Observations Link to heading

  • Going \(n\) floors up takes at least \(O(\sqrt n)\) time.
  • Total travel time is at least \(\sum_{i=0}^n O(\sqrt i) = O(n \sqrt n)\)
  • \(1\) elevator carrying everyone going 1 step at a time: \(O(n^2)\) total time
  • $2$-elevator sqrt-decomposition: one elevator stops every \(\sqrt n\) floors, and then a (set of) second elevators for the final up to \(\sqrt n\) floors.
    • first elevator: \(n\) people times \(n/(\sqrt n)/2\) ‘big steps’ on average times \(\sqrt{\sqrt n}\) time per big step is \(O(n^{7/4})\)
    • second elevator: \(n\) people times \((\sqrt n)\) ‘small steps’ on average times \(1\) per small step is \(O(n^{3.2})\)
    • so overall the big steps dominate
  • $2$-elevator, one that stops every \(B\) floors and then \(B\) that stop every one floor:
    • the first one: \(n \cdot (n/B) \cdot \sqrt B = n^2/\sqrt B\)
    • the second one: \(n \cdot B = nB\).
    • solve for equality: \(B = n/\sqrt B\) => \(B = n^{2/3}\)
    • so \(n^{1+2/3}\) solution
  • \(\lg n\) elevator binary tree:
    • \(2^k \leq n \leq 2^{k+1}\)
    • Take first elevator to \(2^k\) if needed: time \(\sqrt{2^k} = O(\sqrt n)\)
    • There take second elevator that goes up \(2^{k-1}\) floors if needed.
    • Then \(2^{k-2}\) levels up
    • and so on until the last floor.
    • Total time per person averages \(\sqrt{2^k}/2 + \sqrt{2^{k-1}}/2 + \dots + \sqrt{2}/2 + \sqrt{1}/2 = O(\sqrt{2^k}) = O(\sqrt n)\), so up-to-a-constant optimal total travel time \(O(n \sqrt n)\).

Open questions:

  • What is the optimal elevator-shafts vs time tradeoff?
  • How low can we push the constants for any specific \(k\) and \(n\)?

Harder variant: random arrival order Link to heading

  • The dominant term in the easy version is the time spent in the first long-distance elevator.
  • Waiting for that elevator is at most it going up and down.
  • Thus, worst-case time with random arrivals is at most \(3\times\) the optimal one, which has the same complexity!
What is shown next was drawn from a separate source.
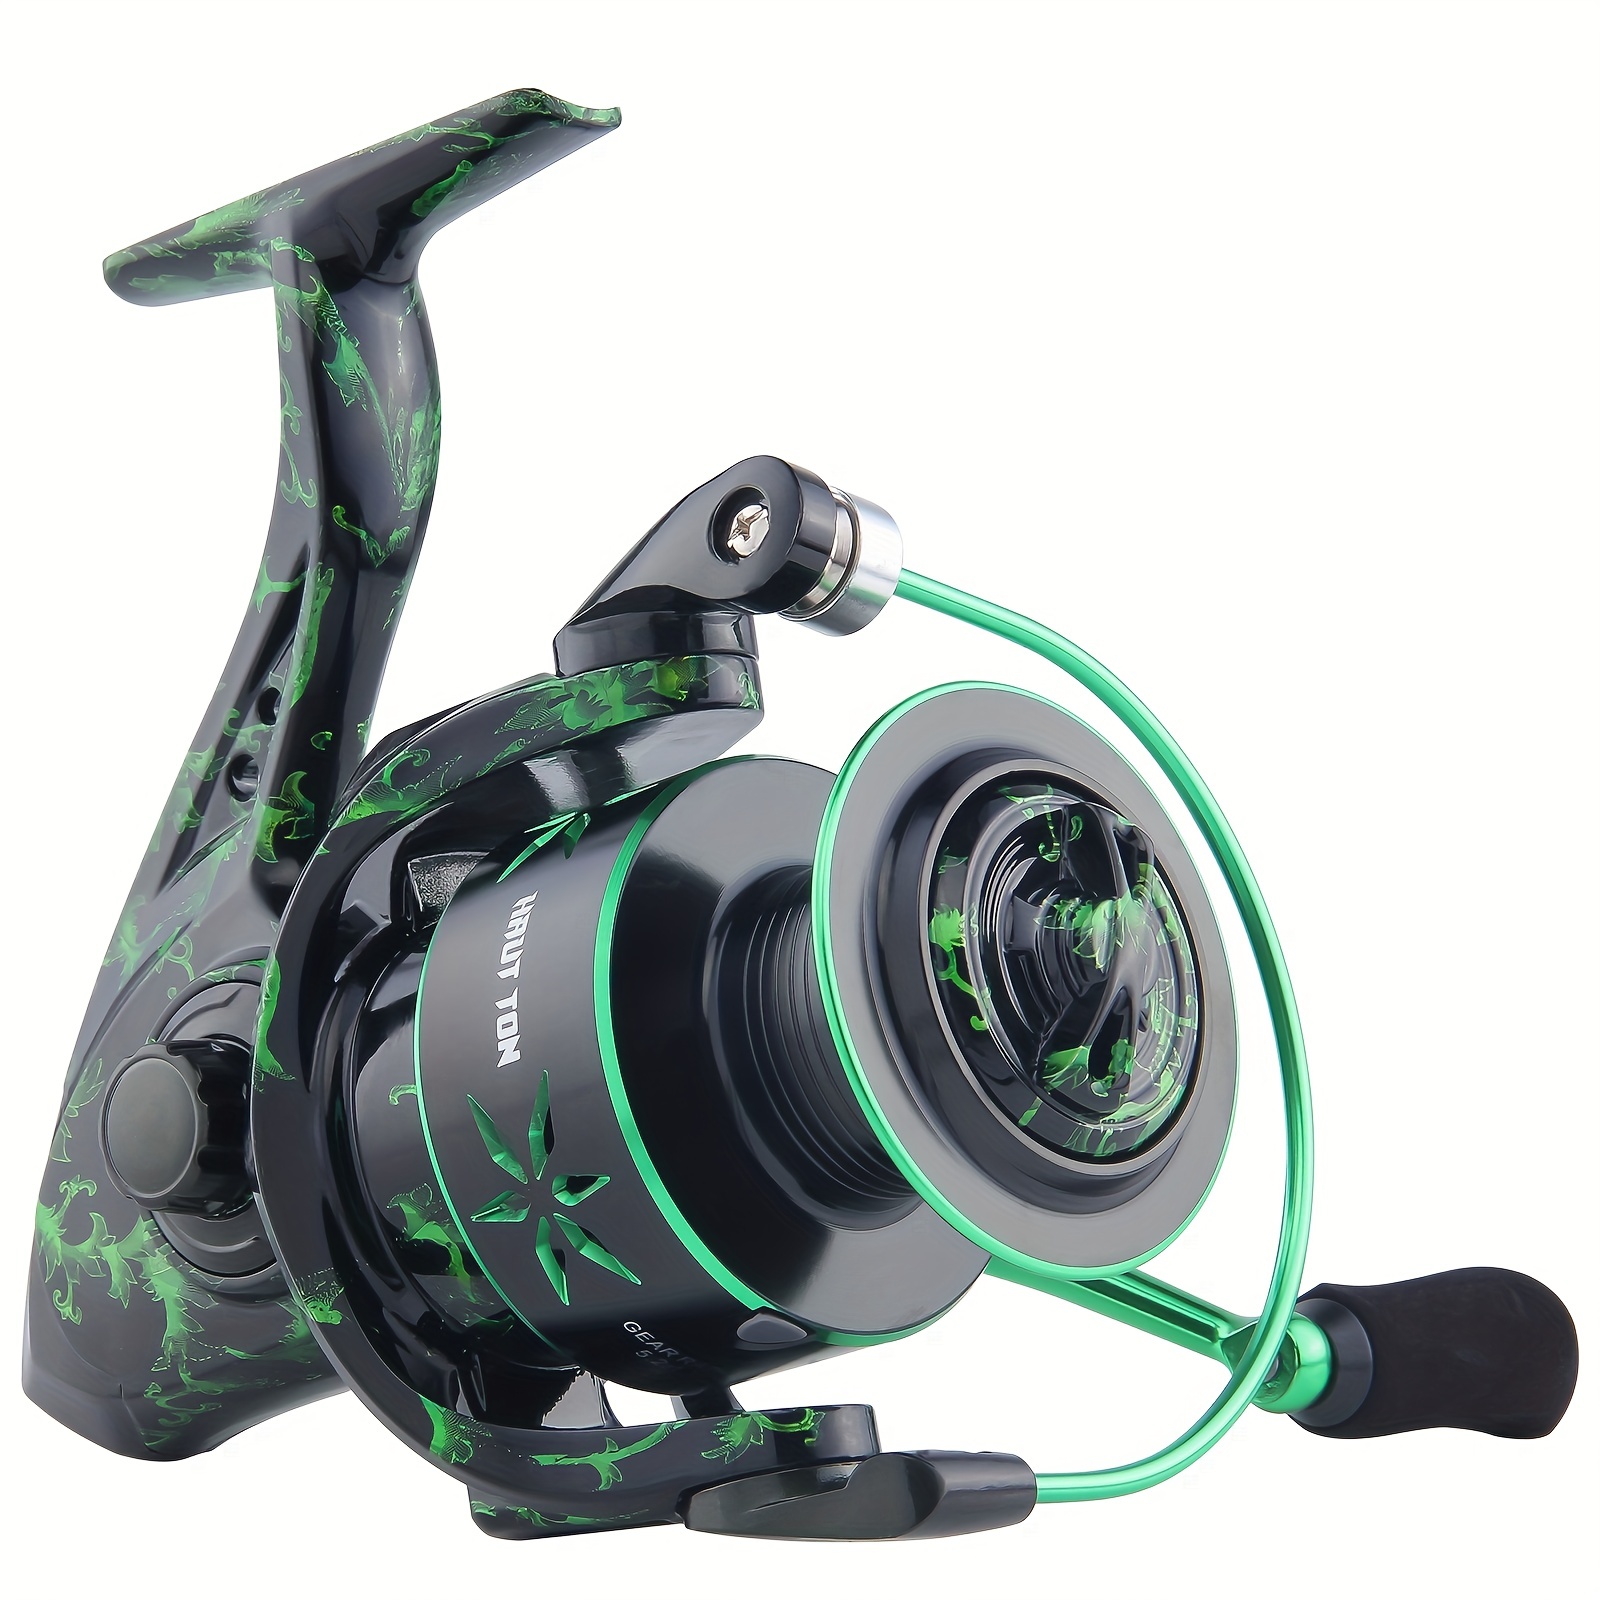 HAUT TON Spinning Reel 12000 Series Advanced Version,17+1BB Graphite Frame  Surf Fishing Reels,4.8:1 Gear Ratio 55lbs Max Drag Medium/Heavy Long  Casting Inshore & Offshore Saltwater Monster Fish.…, Spinning Reels -   Canada

Closing thoughts Link to heading

This problem feels oddly familiar to the \(\sqrt n\) memory model where reading memory also takes \(\sqrt n\) time. There, we gather random pieces of data and we are bound by speed of light and planar information density. Here, instead, we are bound by acceleration and deceleration in 1D, and we scatter instead of gather the people, and somewhat surprisingly, the result of \(\sqrt n\) average latency per person comes out the same!

  1. Speed limits do not exist for elevators. ↩︎